More crashing. The hacker straightens up, cursing under her breath. Casting around, her gaze falls on Huw’s biohazard burka. She grabs it and dives for the back door, sending a gleaming operating cart skidding across the floor. She dives out the back as something large batters at the entrance. The door bulges inward. Huw struggles to sit up, pushing back the suddenly quiescent instrument bush—it feels like wrestling with a half ton of candy floss. What now? he thinks wildly.
“In here!” shrieks the djinni, standing in holographic miniature on top of the teapot and waving its arms like a stranded sailor.
“You shut up,” Huw grunts. He manages to get his legs off the side of the chair and stumbles against the trolley.

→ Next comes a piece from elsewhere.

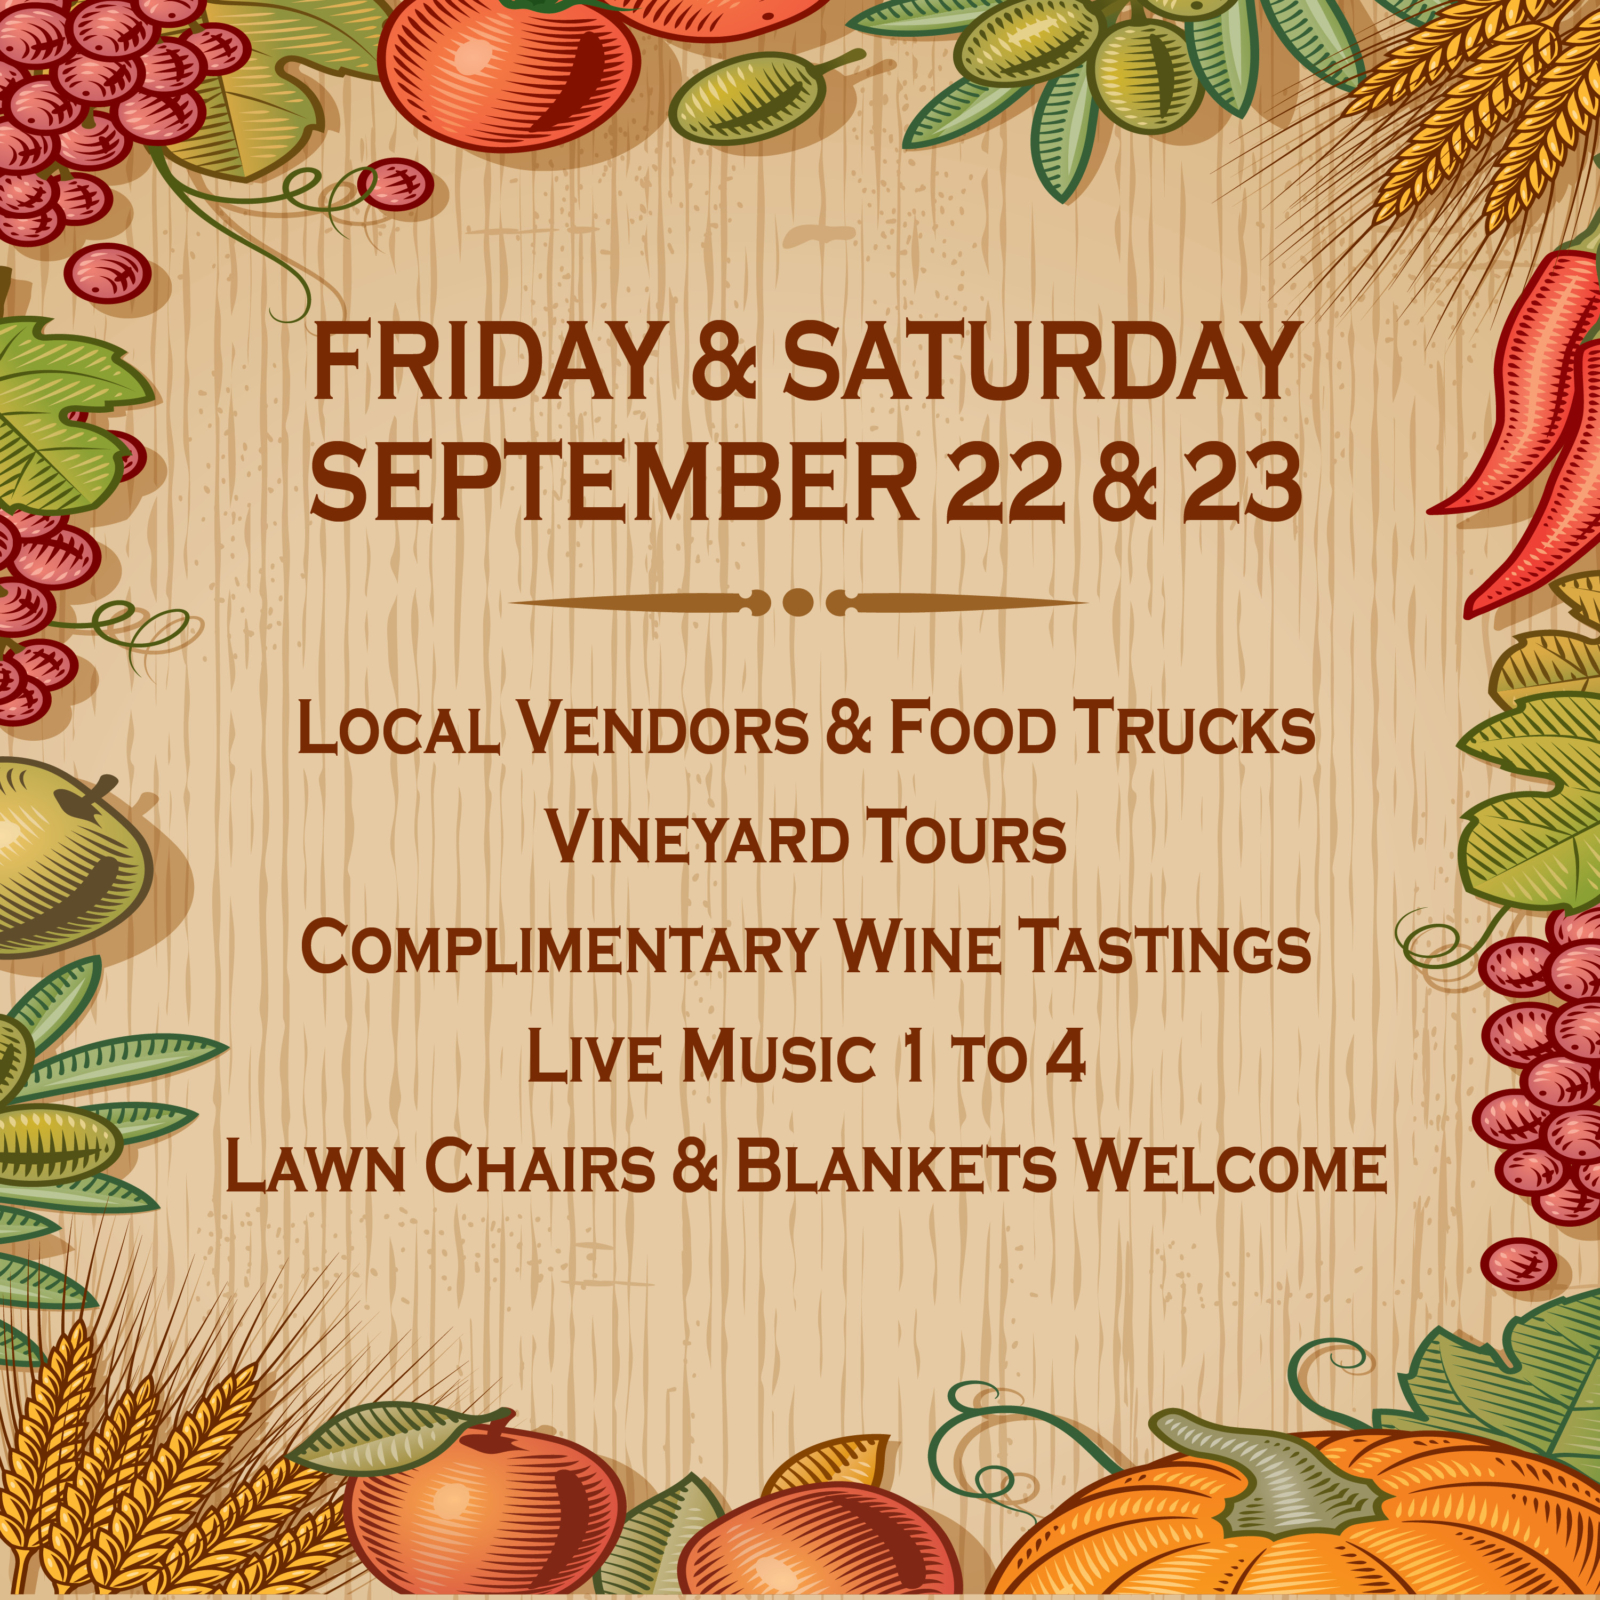 Friday & Saturday, September 22 & 23: Local vendors & food trucks, vineyard tours, complimentary wine tastings, live music 1 to 4, lawn chairs & blankets welcome

Another crash from the front door, and he sees something on the floor—something silvery and cylindrical, about ten centimeters long and one in diameter, for all the world like a pocket recorder covered in slime. That’s it? he puzzles, and thoughtlessly picks it up and pockets it just as the door gives up the uneven struggle and slams open to admit the two court golems, followed by an extremely irrate hanging judge.
“Arretez-vous!” yells his djinni. “He’s over here! Don’t let him get away this time!” With a sense of horror, Huw realizes that the little snitch is jumping up and down and pointing at him.
“No chance,” says Judge
Giuliani. “Get him!” she tells the golems, and they lurch toward him. “Your palanquin is outside, waiting to take you to the People’s Second Revolutionary Memorial Teaching Hospital. It’s quite secure,” she adds with an ugly grin. “Asshole. Do you want to spread it around? Have you any idea how much trouble you’re in already, breaking biocontainment?”